■ Work to be completed: Print the lines in the listing below starting at the line with "ITALIA - 2008" and ending at the line with "Tocotrienols Tocopherol Etikett", both included. Reproduce them exactly and omit every picture.

■ Data for processing:
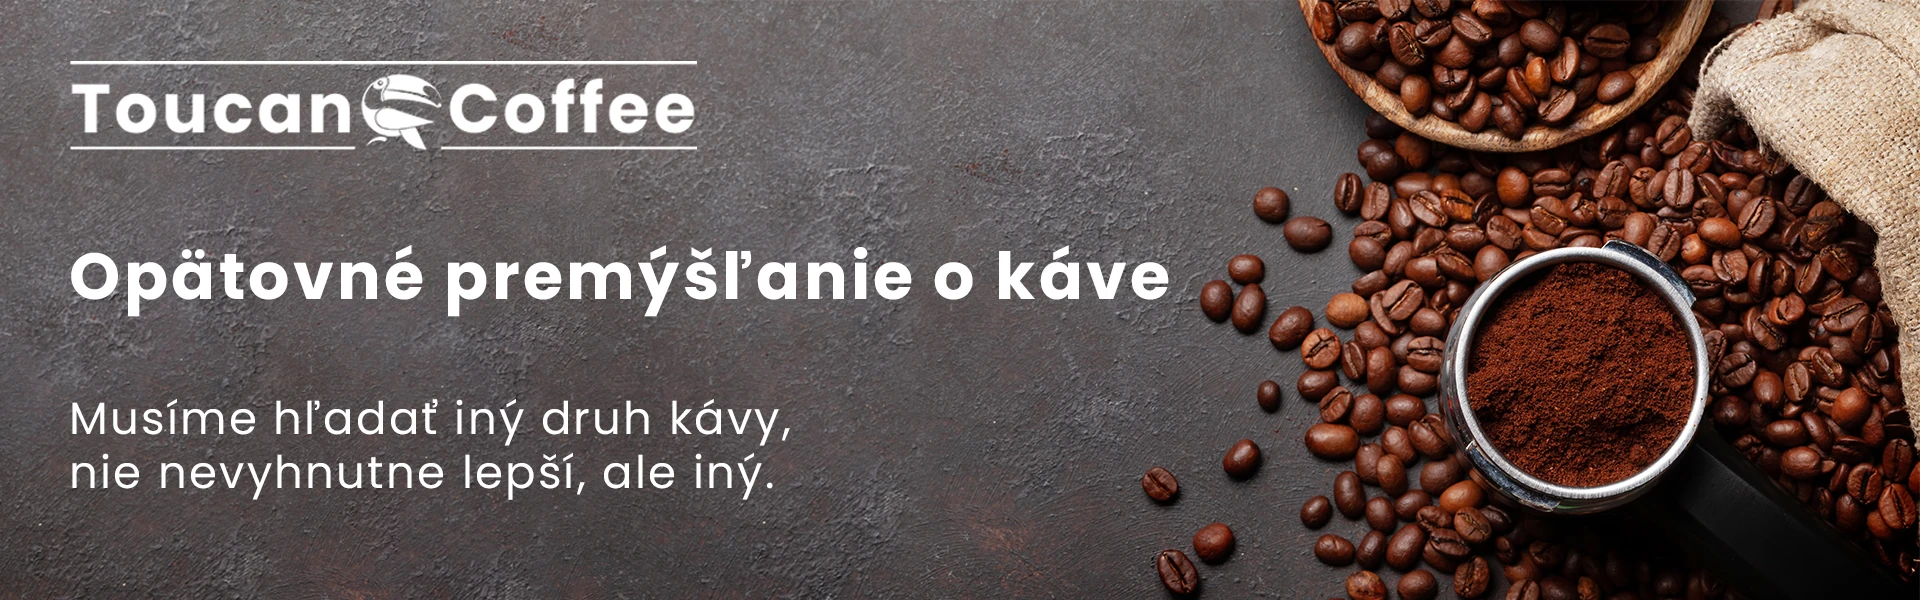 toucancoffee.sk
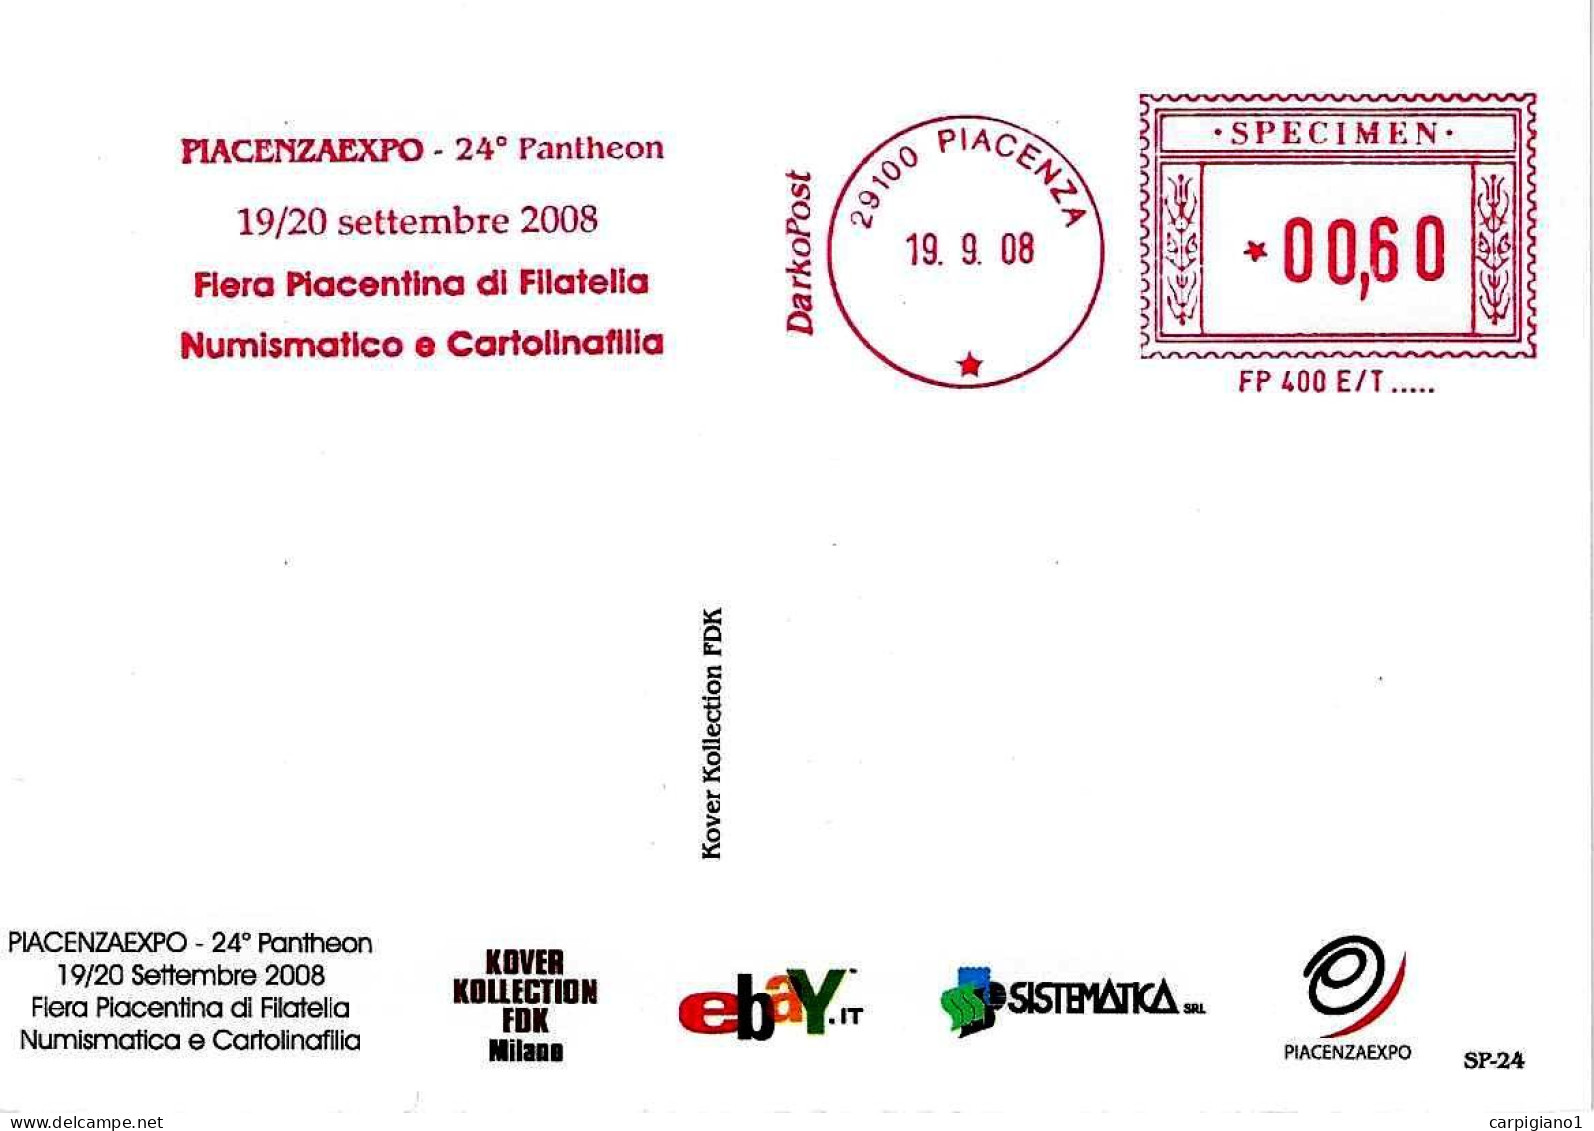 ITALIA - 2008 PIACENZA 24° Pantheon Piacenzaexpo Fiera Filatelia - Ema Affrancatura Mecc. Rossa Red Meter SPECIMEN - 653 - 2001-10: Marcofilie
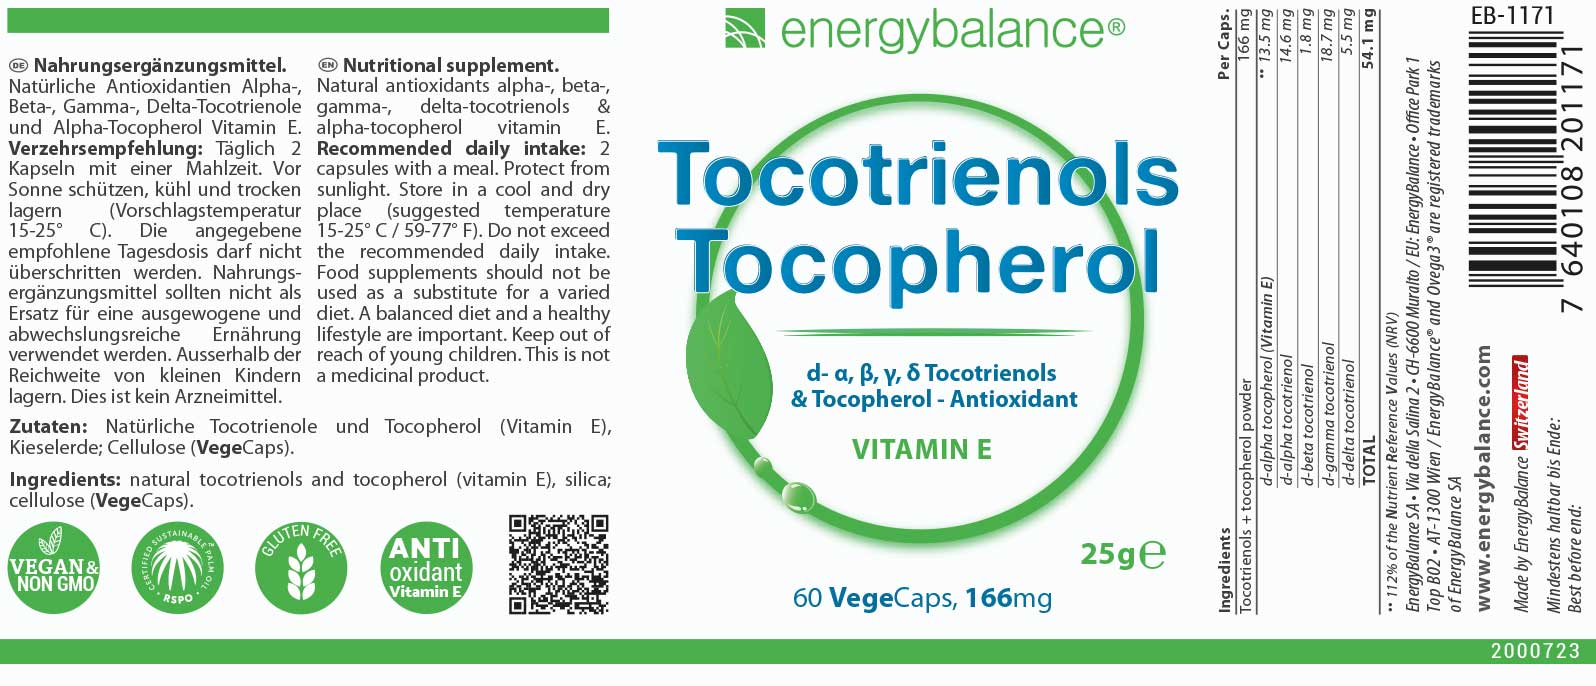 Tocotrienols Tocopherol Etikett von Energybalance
==
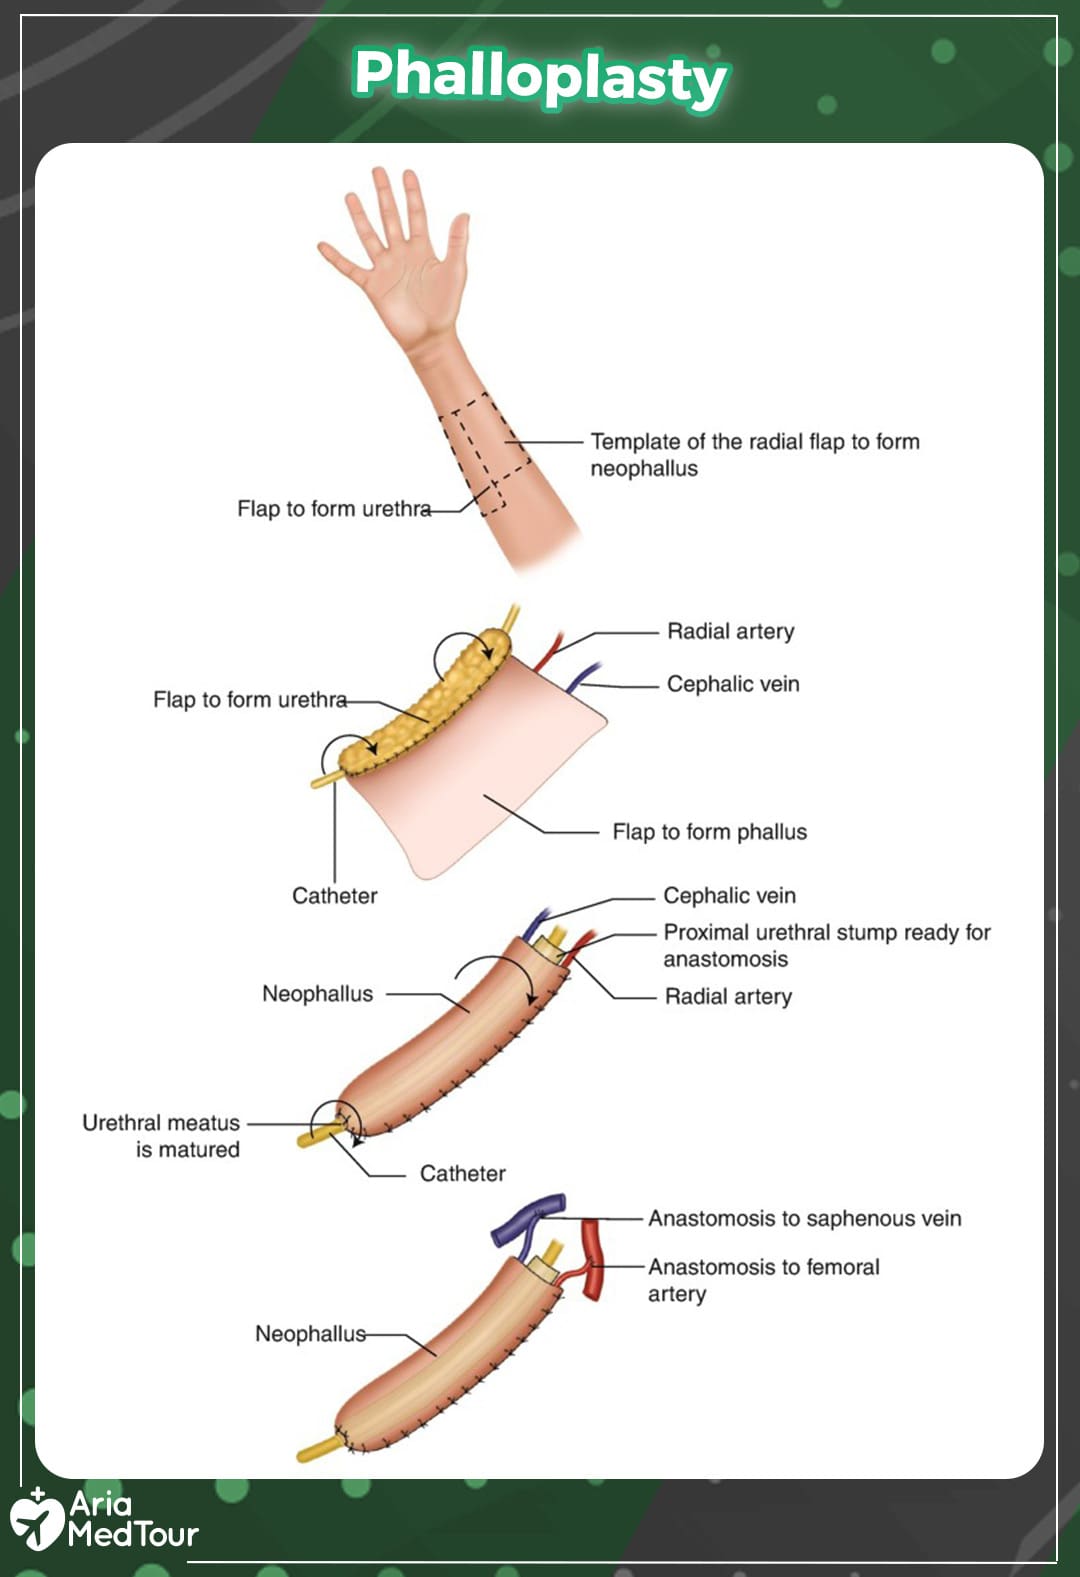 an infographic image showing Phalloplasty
==
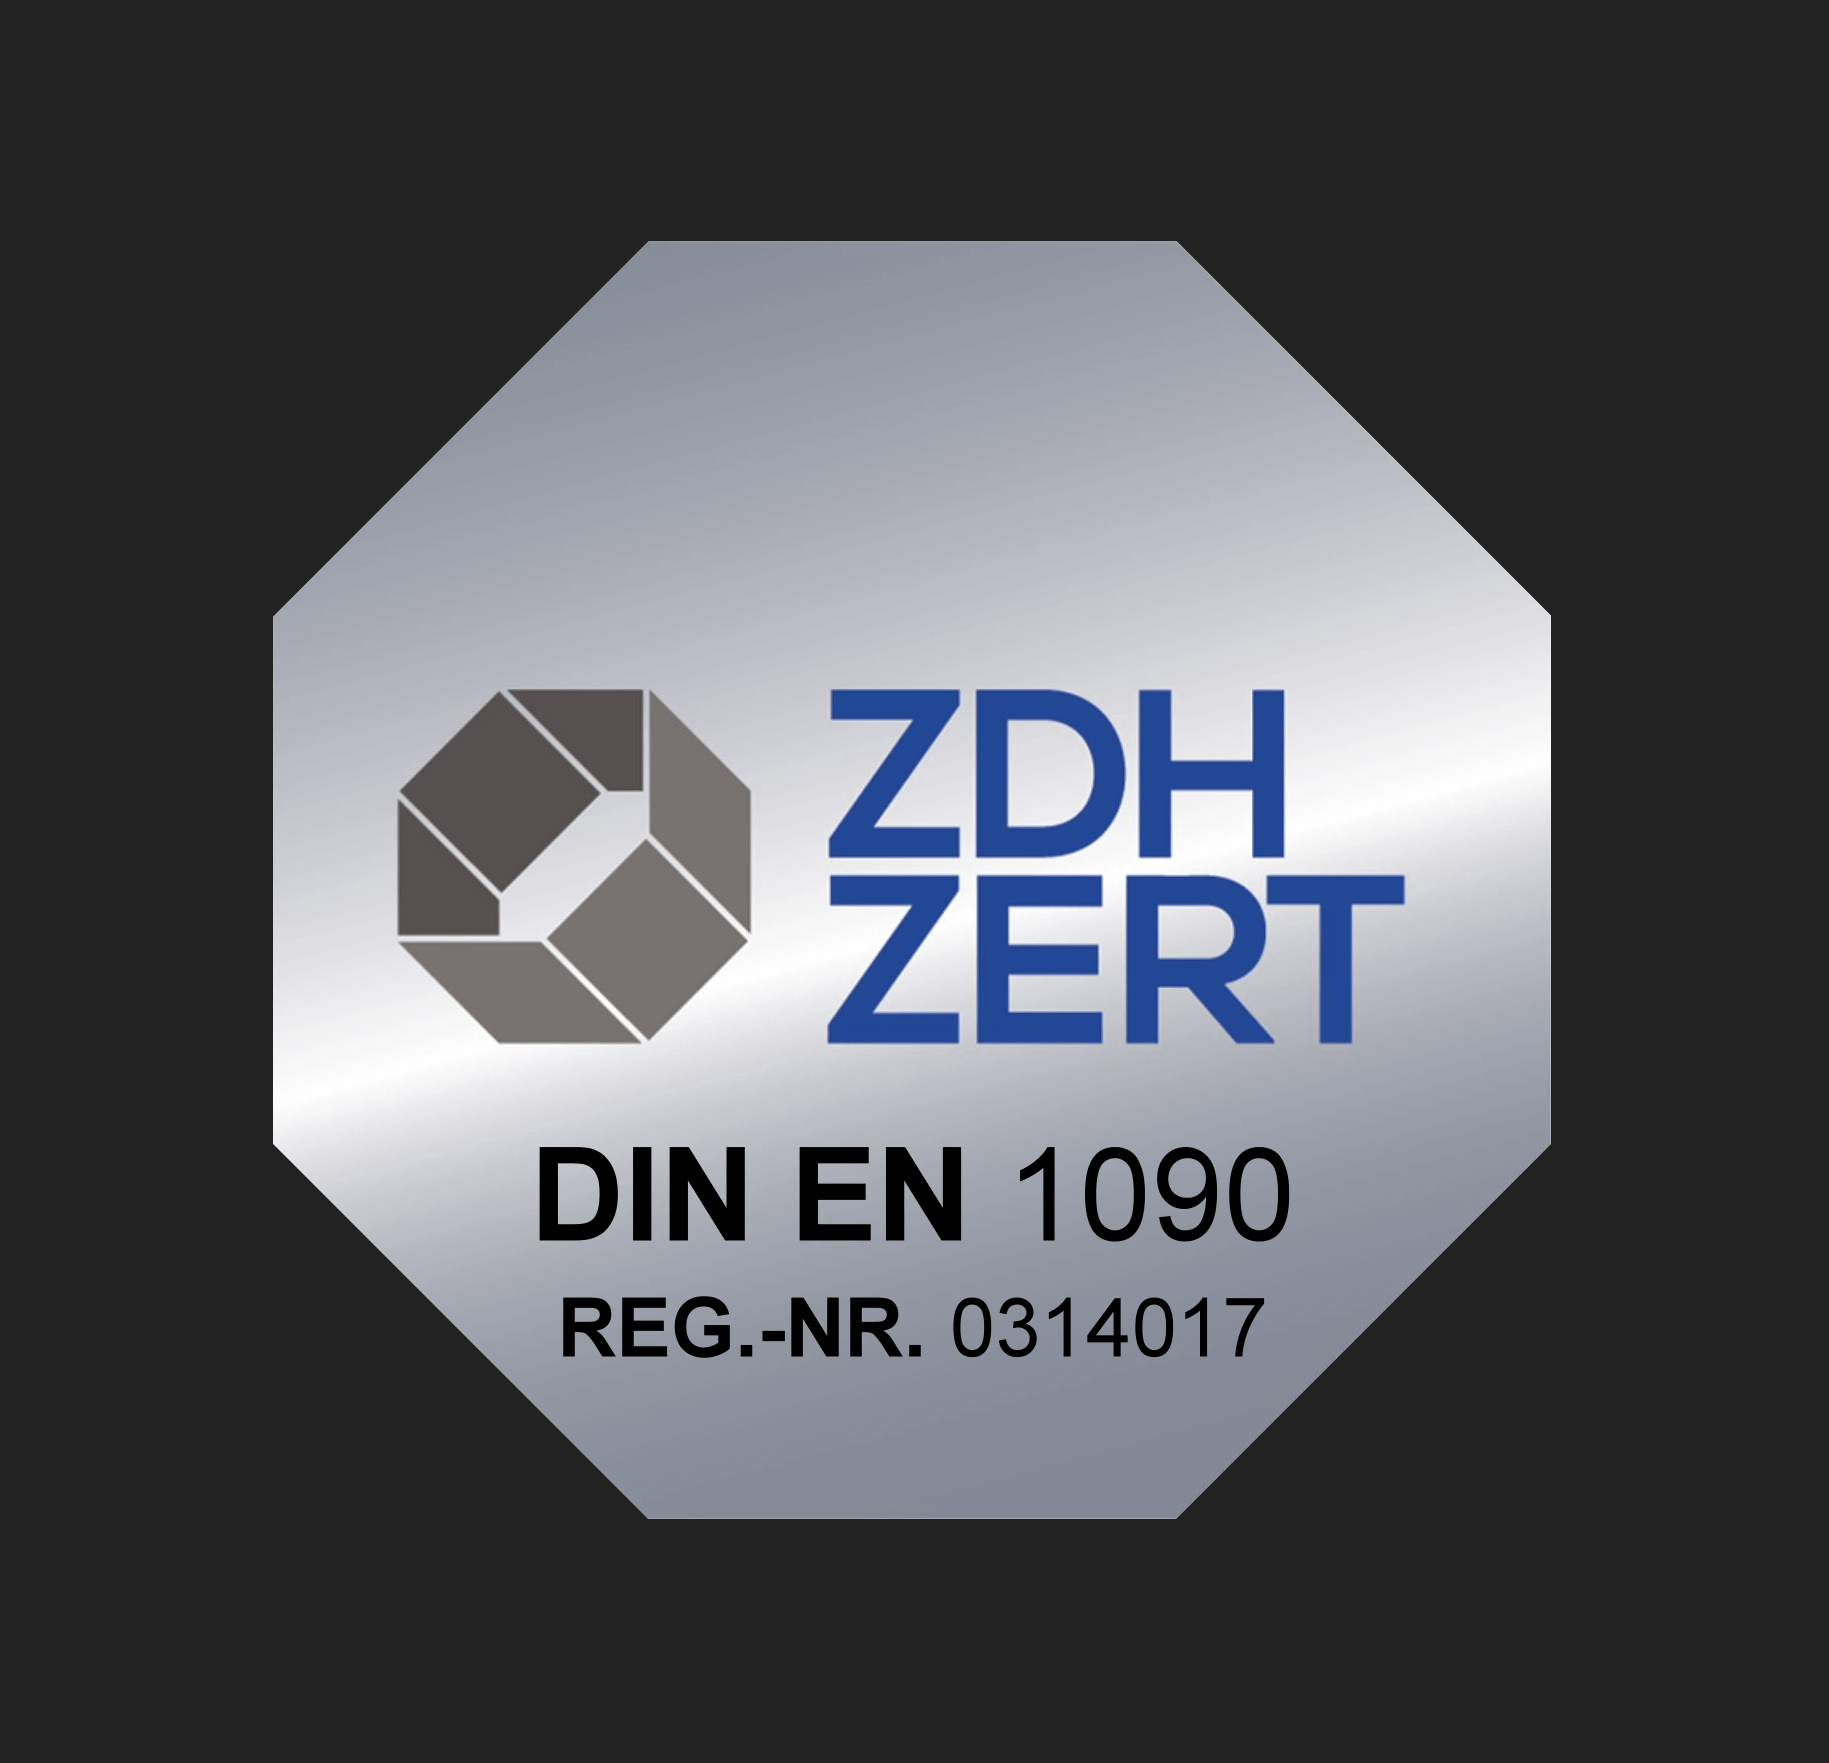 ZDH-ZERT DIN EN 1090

■ Answer to the problem:
 ITALIA - 2008 PIACENZA 24° Pantheon Piacenzaexpo Fiera Filatelia - Ema Affrancatura Mecc. Rossa Red Meter SPECIMEN - 653 - 2001-10: Marcofilie
 Tocotrienols Tocopherol Etikett von Energybalance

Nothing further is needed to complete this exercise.